Domain: Data Modeling · Difficulty: hard · Seniority: L6

## Problem

We run an online marketplace where third-party sellers list products and buyers purchase them. The platform collects the full payment from the buyer, deducts a commission, and pays the seller. Refunds are common and complicate the accounting. Finance needs a model that reconciles every dollar from collection to payout. Design the data model.

## Worked solution and explanation

### Why this problem exists in real interviews

This challenge probes whether a candidate separates **what was sold** from **what money moved**. Interviewers want to see two distinct grains coexist cleanly: an order-line fact for product economics and an append-only ledger for cash movements. Conflating them is the single most common failure mode in marketplace finance models because refunds, partial payouts, and tax all force the single-table design into ugly UPDATE paths.

> **Trick to Solving**
>
> The signal is the phrase "reconciles every dollar." Reconciliation demands immutability: every money movement must be a new row, never an update. Before drawing any tables, a strong candidate asks: do I need to preserve the original order amount after a refund, and who is the owning party on each cash movement?
> 
> 1. Spot the reconciliation language in the prompt
> 2. Commit to an append-only ledger grain alongside the order fact
> 3. Split tax into its own ledger entry type
> 4. Use `payout_order_lines` as the bridge so batch payouts can attribute cash back to source orders

---

### Break down the requirements

#### Step 1: Declare the grain twice

`fact_orders` is at the order line grain: one row per product per seller per order. `fact_ledger_entries` is at the money-movement grain: one row per charge, commission, fee, tax, refund, or payout. Two facts, two grains, linked by `order_line_id`.

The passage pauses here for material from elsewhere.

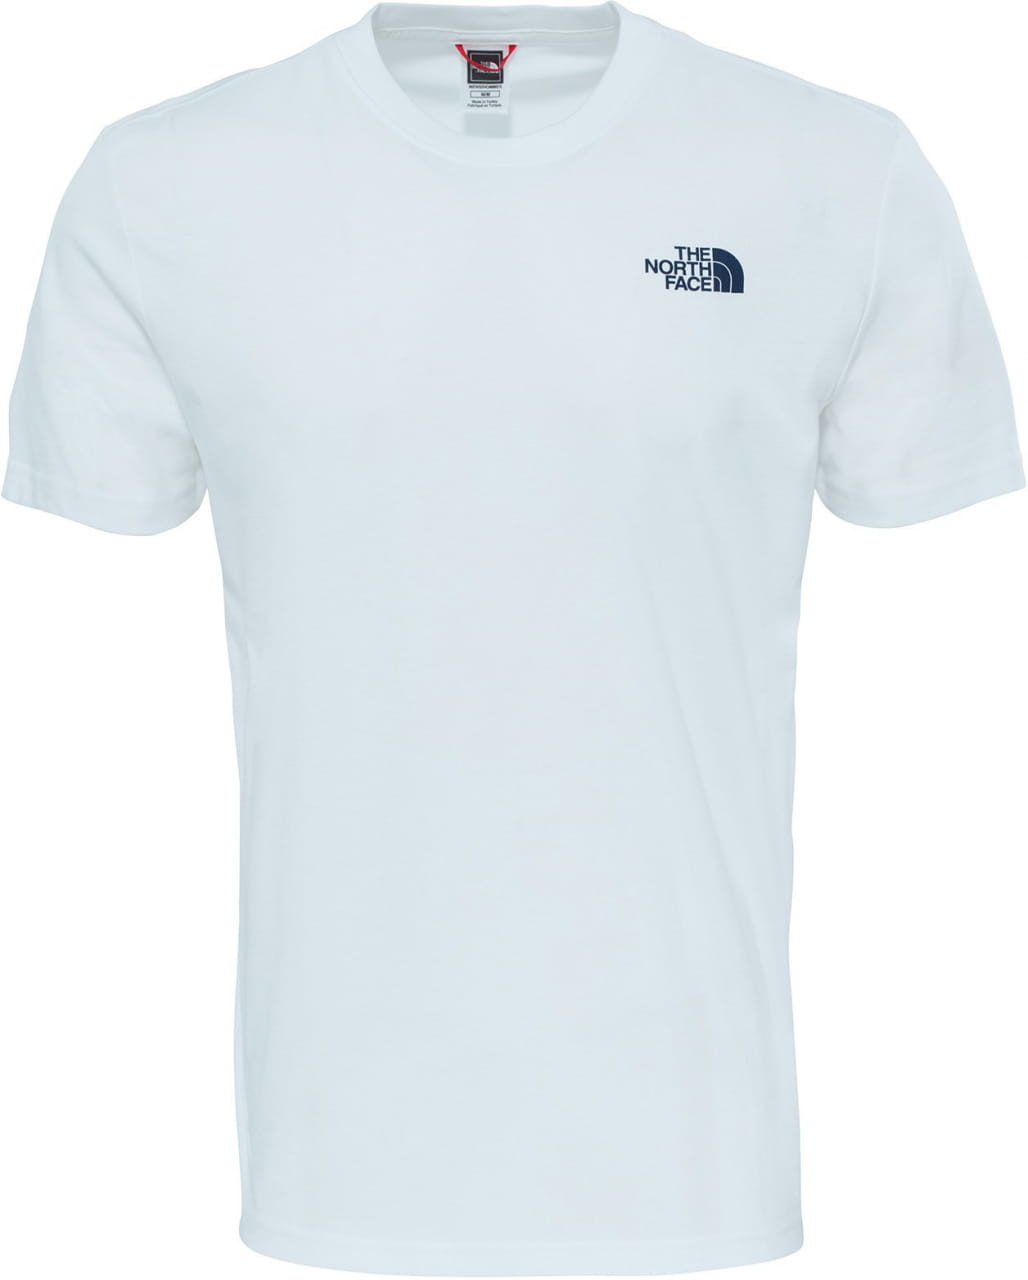 Pánské tričko The North Face Men's Redbox Celebration T-Shirt
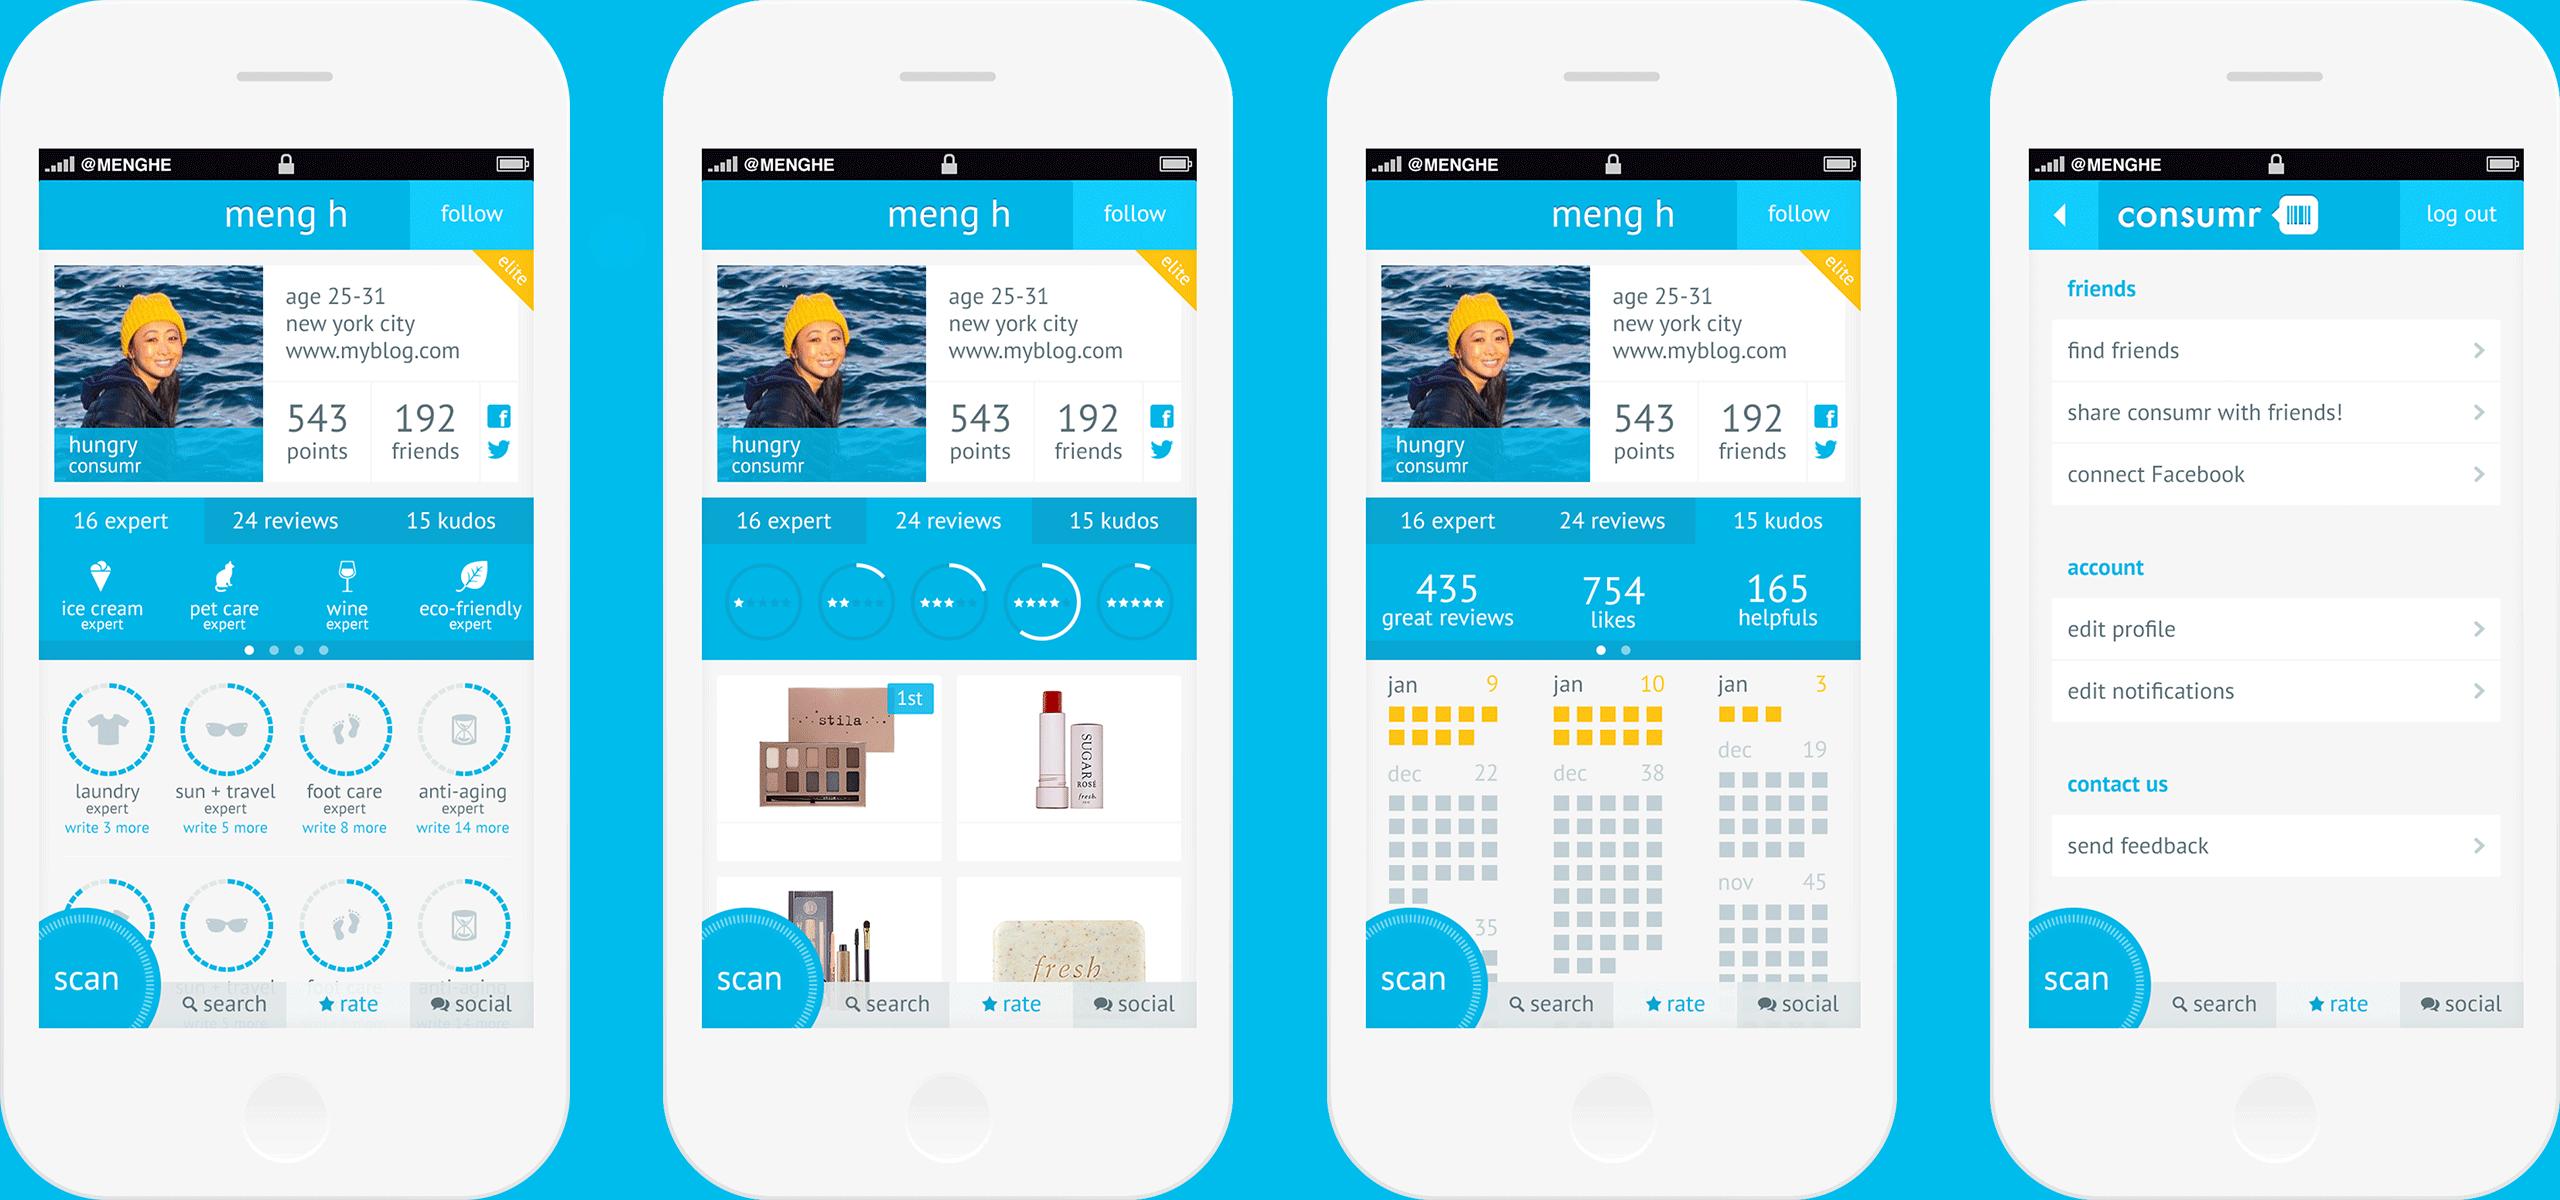 meng-he-consumr-final-app-design-profile

#### Step 2: Model refunds as new ledger rows

A refund is not a mutation of the original charge. It is a new row with a negative amount and an entry type like `REFUND_BUYER`. The original `fact_orders` row stays untouched so historical revenue snapshots remain reproducible.

#### Step 3: Separate tax from revenue

Tax collected is a pass-through liability, not platform revenue. Storing it in its own ledger entry type (or as a distinct column on the order line) keeps revenue reporting clean and makes remittance audits straightforward.

#### Step 4: Bridge payouts with a junction table

One payout covers many order lines. `fact_payouts` lives at the batch grain; `payout_order_lines` is the many-to-many bridge that lets finance answer "which orders funded this payout?" without scanning the entire ledger.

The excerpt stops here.